Rudy Giuliani with MEK leader Maryam Rajavi
(Photo Credit: Jacques Demarthon / AFP)

Embracing its recent removal from the U.S. State Department’s list of designated foreign terrorist organizations, the Mujahedeen-e Khalq (MEK), an exiled Iranian terror cult with deep pockets and close ties to the Washington establishment, is attempting to ramp up the fear-mongering and propaganda over Iran’s nuclear program following last month’s election of moderate cleric Hassan Rouhani as the Islamic Republic’s next president.
In April 2013, the group opened an office in Washington DC and officially registered as a lobbying organization the following month.
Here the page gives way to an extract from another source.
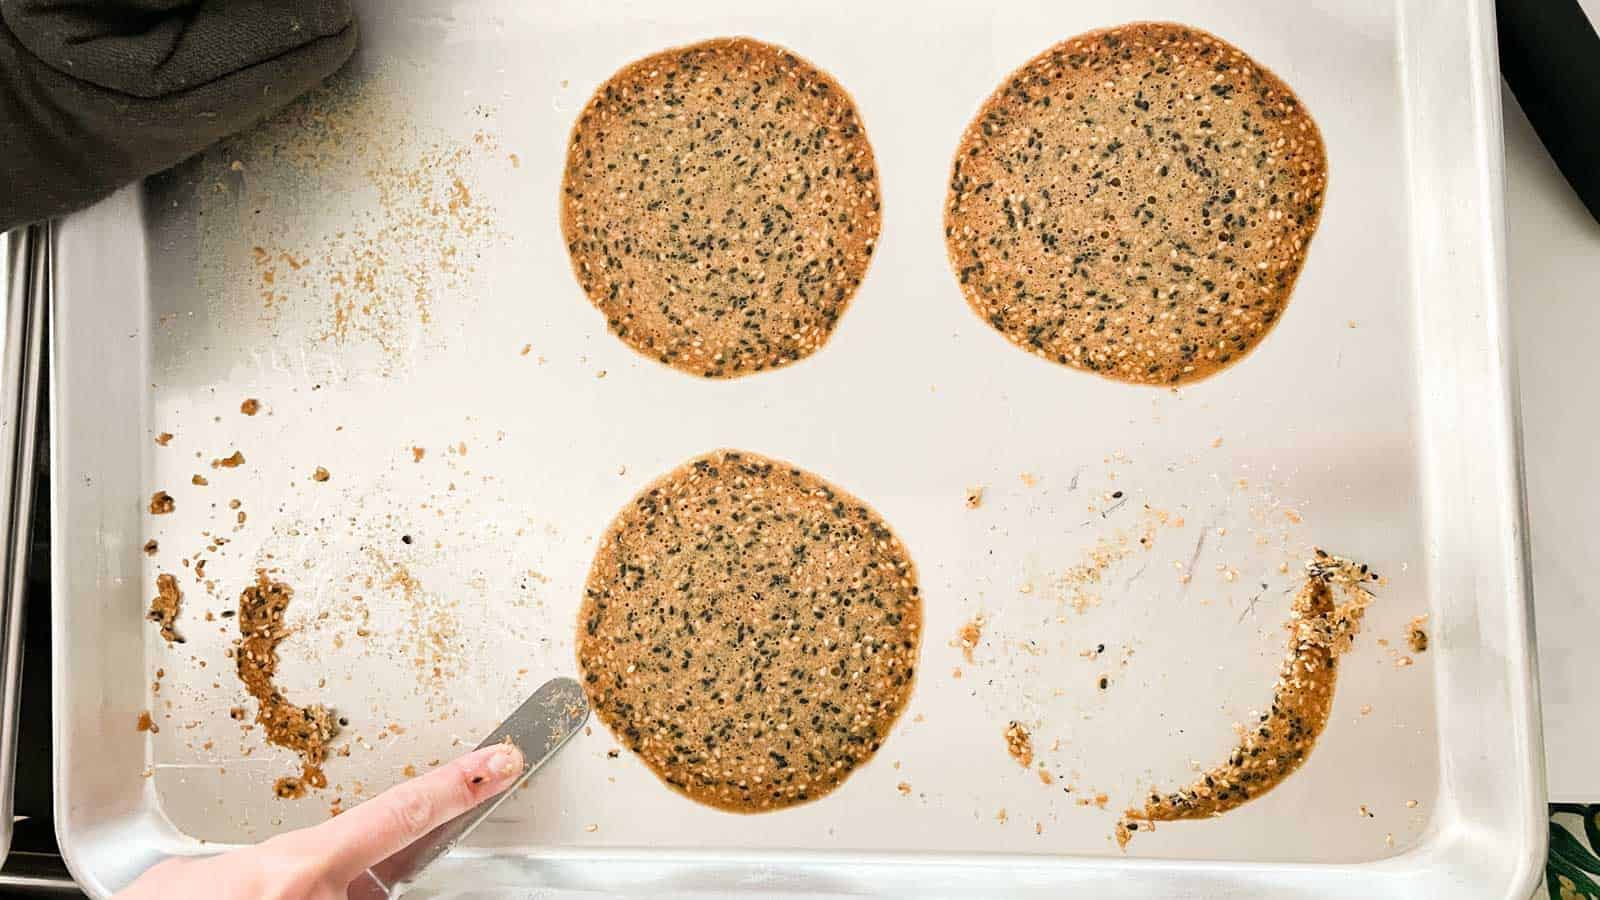 Cookies baked directly on baking sheet

Now, a Reuters article from July 11, 2013 reported the MEK and its affiliate organizations such as the National Council of Resistance of Iran (NCRI) claim to have “obtained reliable information on a new and completely secret site designated for [Iran's] nuclear project,” despite providing no credible evidence to back up the allegation.
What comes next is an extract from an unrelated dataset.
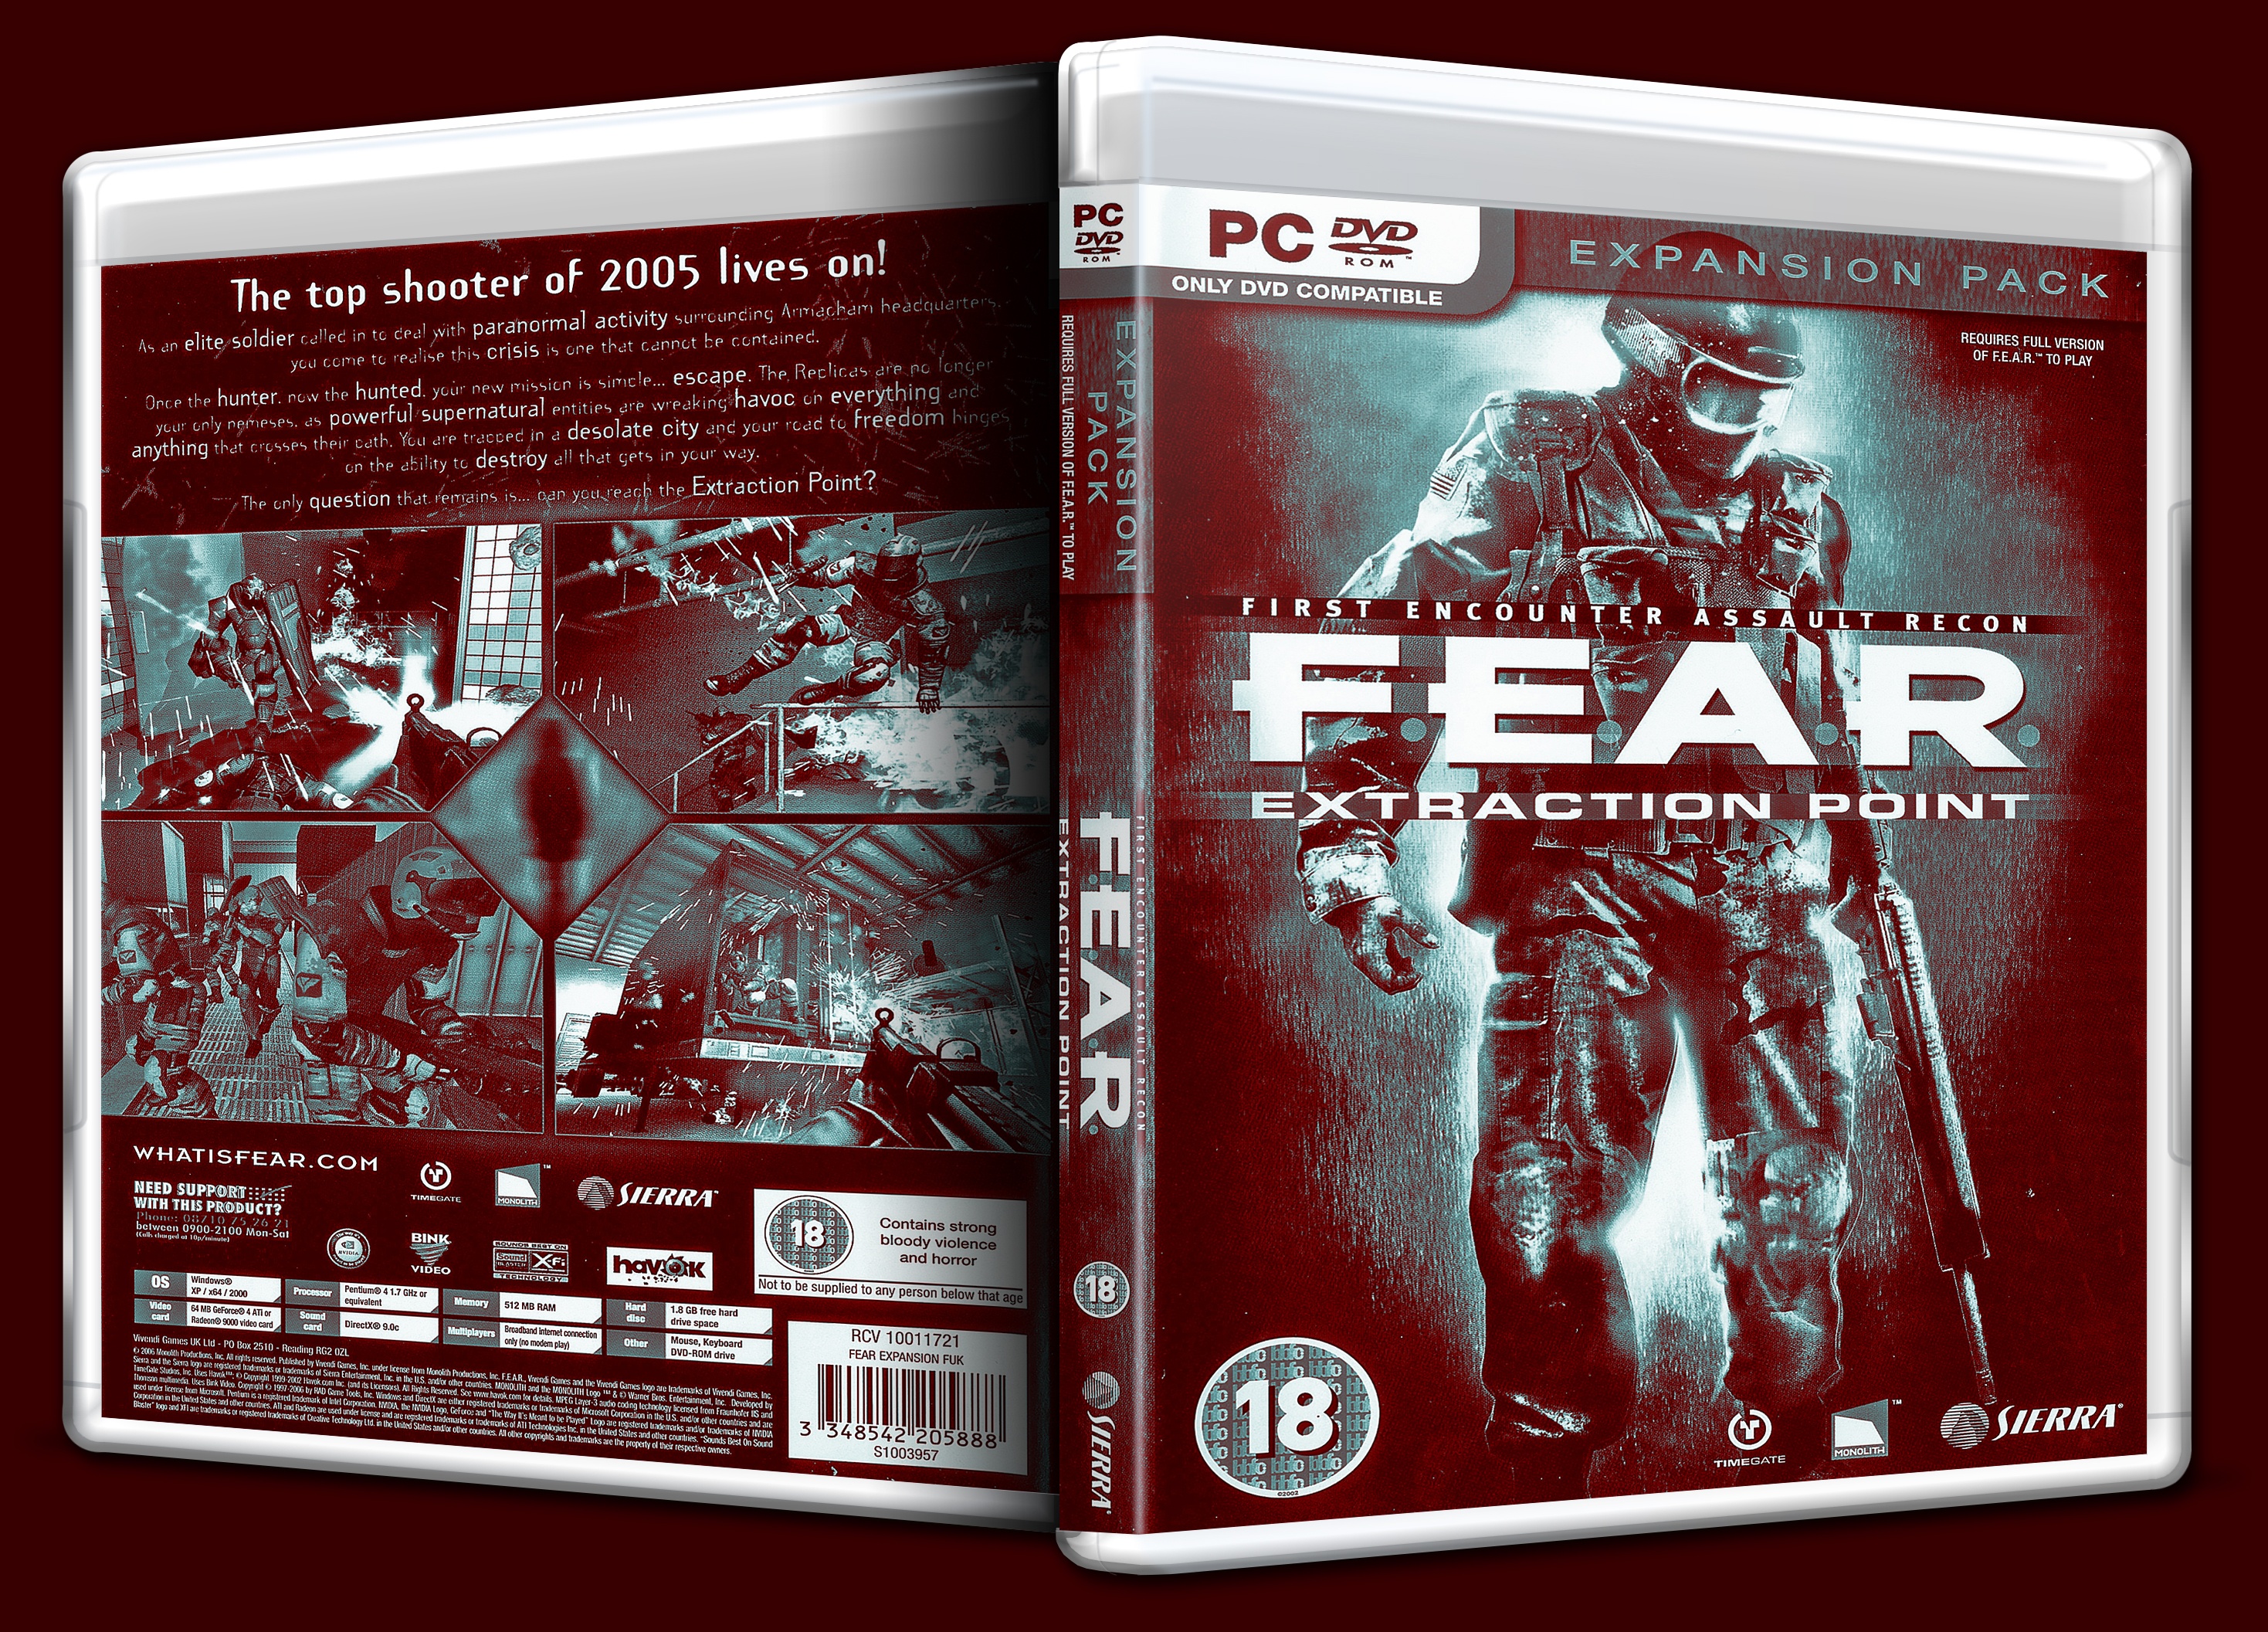 F. E. A. R. Extraction Point box cover

The supposed site is said to be “located in a complex of tunnels beneath mountains 10 km (6 miles) east of the town of Damavand, itself about 50 km northeast of Tehran.” The MEK claimed that construction of the site began in 2006 and it was recently completed. “The site consists of four tunnels and has been constructed by a group of engineering and construction companies associated with the engineering arms of the Ministry of Defence and the IRGC (Iran’s elite Revolutionary Guards force),” a statement from the terror group said.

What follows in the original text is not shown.